Challenge 3 – Modelling Smart-City Energy Consumption with ML

The city now wants a predictive model to forecast daily electricity demand across several buildings. Such a model is a building block for intelligent energy management (e.g. demand response, storage control, tariff design).

In this challenge, you will build regression models using the daily dataset created
in Challenge 1, and then analyse the fairness of prediction errors across building
groups. You will also connect back to the fairness logic from Challenge 2 by defining
simple fairness-of-error metrics.

Material

Dataset: `energy_daily_features.csv` – created in Challenge 1.
– One row per building and day
– Contains at least:
    – `date`
    – `building_id`
    – `building_type`
    – `location`
    – `daily_grid_import_kwh`
    – (optionally) `cluster` from k-means.

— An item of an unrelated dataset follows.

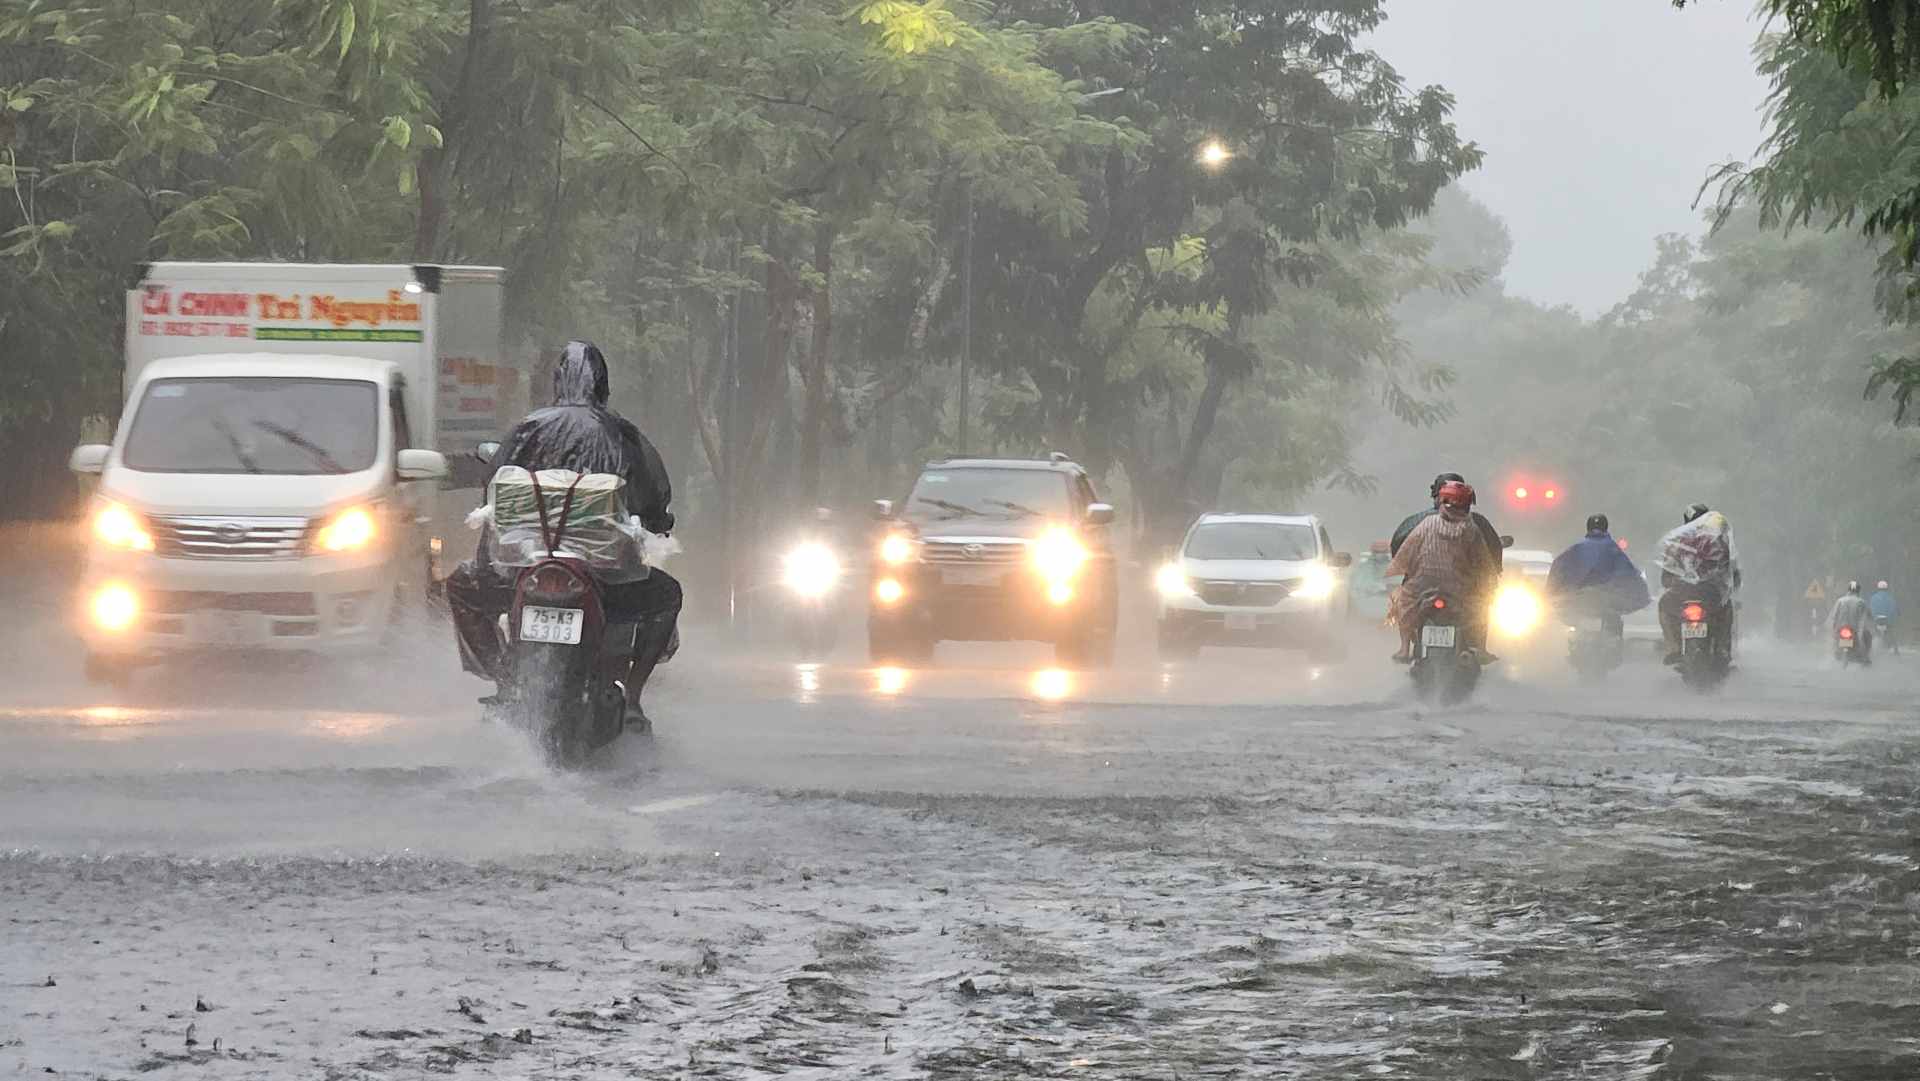 Theo Đài khí tượng thủy văn tỉnh Thừa Thiên Huế, trong 6 giờ qua (từ 01h00 - 07h00 ngày 25.9) khu vực tỉnh Thừa Thiên Huế đã có mưa vừa, mưa to, có nơi mưa rất to.

Colab initial notebook: https://drive.google.com/file/d/1ij7ZWsZ2SIrs5kuRBqy1hUYUV_nTuLwh/view?usp=sharing

Learning objectives

– Engineer time-based and lag features for energy-demand modelling.
– Train and evaluate baseline and non-linear regression models.
– Interpret feature importance in an intelligent energy/smart-city context.
– Evaluate whether prediction errors are balanced across building groups (fairness of errors).

Main Tasks

  1. Load the energy_daily_features.csv dataset into a DataFrame, inspect its contents, and check how many buildings and days are available.
  2. Engineer time-based features: day_of_week, month, is_weekend, and per-building lag features such as lag1 and lag7 for daily_grid_import_kwh; drop rows with missing lags.
  3. Build a feature matrix X (including calendar features, lag features, and optionally one-hot encoded building_type and location) and a target vector y (daily_grid_import_kwh). Split the data into train and test sets (e.g. 80/20).
  4. Train and evaluate a baseline Linear Regression model using RMSE and R², and visualise predicted vs actual daily energy consumption on the test set.
  5. Train and evaluate a RandomForestRegressor on the same features, compare its RMSE and R² to the linear model, and analyse feature importances (e.g. are lag features more important than calendar features?).
  6. Construct a test_results DataFrame that includes building_id, building_type, location, y_true, y_pred_lin, y_pred_rf, and absolute errors (abs_error_lin, abs_error_rf). Compute group-wise mean absolute error (MAE) by building_type and by location to assess fairness of errors.
  7. Optionally, design simple fairness metrics for regression inspired by Challenge 2 (e.g. fairness gap = max MAE − min MAE across groups, fairness ratio = max MAE / min MAE) and compare them between the two models.

Deliverables

  • Completed Jupyter/Colab notebook implementing feature engineering, Linear Regression, Random Forest, and group-wise error analysis.
  • Tables and/or plots showing predicted vs actual values, feature importances, and group-wise mean absolute errors.
  • Short written interpretation of which model performs better, which features matter most, and whether some building groups have systematically higher prediction errors.
  • If the optional part is done: definition and computation of regression fairness metrics (e.g. fairness gap, fairness ratio) and comparison between models.